-- Opening Marker --

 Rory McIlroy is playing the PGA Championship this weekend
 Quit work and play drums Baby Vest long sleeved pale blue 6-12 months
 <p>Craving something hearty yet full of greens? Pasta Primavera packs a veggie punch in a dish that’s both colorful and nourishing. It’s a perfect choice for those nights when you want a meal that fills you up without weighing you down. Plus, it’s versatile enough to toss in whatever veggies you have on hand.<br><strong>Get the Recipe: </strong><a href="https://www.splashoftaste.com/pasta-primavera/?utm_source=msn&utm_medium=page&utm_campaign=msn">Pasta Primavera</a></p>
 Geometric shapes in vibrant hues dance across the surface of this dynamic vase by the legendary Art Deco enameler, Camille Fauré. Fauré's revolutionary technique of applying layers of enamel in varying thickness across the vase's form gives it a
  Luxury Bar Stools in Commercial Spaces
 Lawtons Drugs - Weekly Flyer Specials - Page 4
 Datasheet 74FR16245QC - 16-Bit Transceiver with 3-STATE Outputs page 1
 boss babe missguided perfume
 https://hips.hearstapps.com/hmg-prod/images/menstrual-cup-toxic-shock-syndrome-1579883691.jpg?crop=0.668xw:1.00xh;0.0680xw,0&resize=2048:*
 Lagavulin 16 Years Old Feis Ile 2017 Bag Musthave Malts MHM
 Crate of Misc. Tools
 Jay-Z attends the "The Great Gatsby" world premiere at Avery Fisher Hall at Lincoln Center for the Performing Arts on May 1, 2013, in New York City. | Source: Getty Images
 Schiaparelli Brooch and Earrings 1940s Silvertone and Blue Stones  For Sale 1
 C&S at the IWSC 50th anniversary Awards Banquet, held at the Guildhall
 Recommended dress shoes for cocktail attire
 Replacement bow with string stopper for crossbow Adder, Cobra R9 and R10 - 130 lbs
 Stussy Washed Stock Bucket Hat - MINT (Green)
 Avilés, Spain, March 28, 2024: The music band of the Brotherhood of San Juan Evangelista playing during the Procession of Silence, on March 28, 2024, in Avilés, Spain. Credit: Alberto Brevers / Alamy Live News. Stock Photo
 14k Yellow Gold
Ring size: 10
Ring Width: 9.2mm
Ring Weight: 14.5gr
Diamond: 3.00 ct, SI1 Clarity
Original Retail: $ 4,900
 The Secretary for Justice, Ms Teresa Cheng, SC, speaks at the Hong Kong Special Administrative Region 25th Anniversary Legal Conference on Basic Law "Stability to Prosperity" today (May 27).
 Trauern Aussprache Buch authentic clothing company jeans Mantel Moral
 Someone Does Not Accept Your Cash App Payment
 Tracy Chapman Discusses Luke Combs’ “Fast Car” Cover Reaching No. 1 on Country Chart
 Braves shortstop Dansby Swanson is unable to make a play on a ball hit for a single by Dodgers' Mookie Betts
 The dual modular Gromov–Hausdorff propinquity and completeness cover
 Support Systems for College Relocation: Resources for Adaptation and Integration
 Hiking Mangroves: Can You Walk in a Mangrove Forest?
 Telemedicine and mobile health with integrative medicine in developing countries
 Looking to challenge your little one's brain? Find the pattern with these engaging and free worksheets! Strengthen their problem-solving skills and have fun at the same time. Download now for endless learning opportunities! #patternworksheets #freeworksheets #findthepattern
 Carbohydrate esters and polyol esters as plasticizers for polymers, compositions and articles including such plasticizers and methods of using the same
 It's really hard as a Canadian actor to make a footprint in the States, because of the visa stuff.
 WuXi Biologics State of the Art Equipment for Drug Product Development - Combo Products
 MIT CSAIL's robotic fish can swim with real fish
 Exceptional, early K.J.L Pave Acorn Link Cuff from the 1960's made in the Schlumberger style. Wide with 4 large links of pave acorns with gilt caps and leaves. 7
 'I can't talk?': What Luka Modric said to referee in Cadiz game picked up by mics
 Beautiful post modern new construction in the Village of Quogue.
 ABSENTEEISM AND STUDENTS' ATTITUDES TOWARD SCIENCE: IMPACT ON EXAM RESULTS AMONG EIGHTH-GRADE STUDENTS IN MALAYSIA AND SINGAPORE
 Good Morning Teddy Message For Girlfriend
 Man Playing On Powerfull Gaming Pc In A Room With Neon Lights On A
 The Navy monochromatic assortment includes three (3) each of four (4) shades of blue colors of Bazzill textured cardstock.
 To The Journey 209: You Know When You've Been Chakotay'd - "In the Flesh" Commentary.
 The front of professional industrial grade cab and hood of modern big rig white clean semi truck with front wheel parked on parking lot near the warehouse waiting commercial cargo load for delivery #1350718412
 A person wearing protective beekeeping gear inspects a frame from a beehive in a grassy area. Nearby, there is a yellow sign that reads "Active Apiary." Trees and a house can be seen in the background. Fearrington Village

-- Closing Marker --

* _Your task_:
All that belongs in the answer is the lines from the start of the entries above through the line containing "Quit work and", each given exactly.

* _Answer to this exercise_:
 Rory McIlroy is playing the PGA Championship this weekend
 Quit work and play drums Baby Vest long sleeved pale blue 6-12 months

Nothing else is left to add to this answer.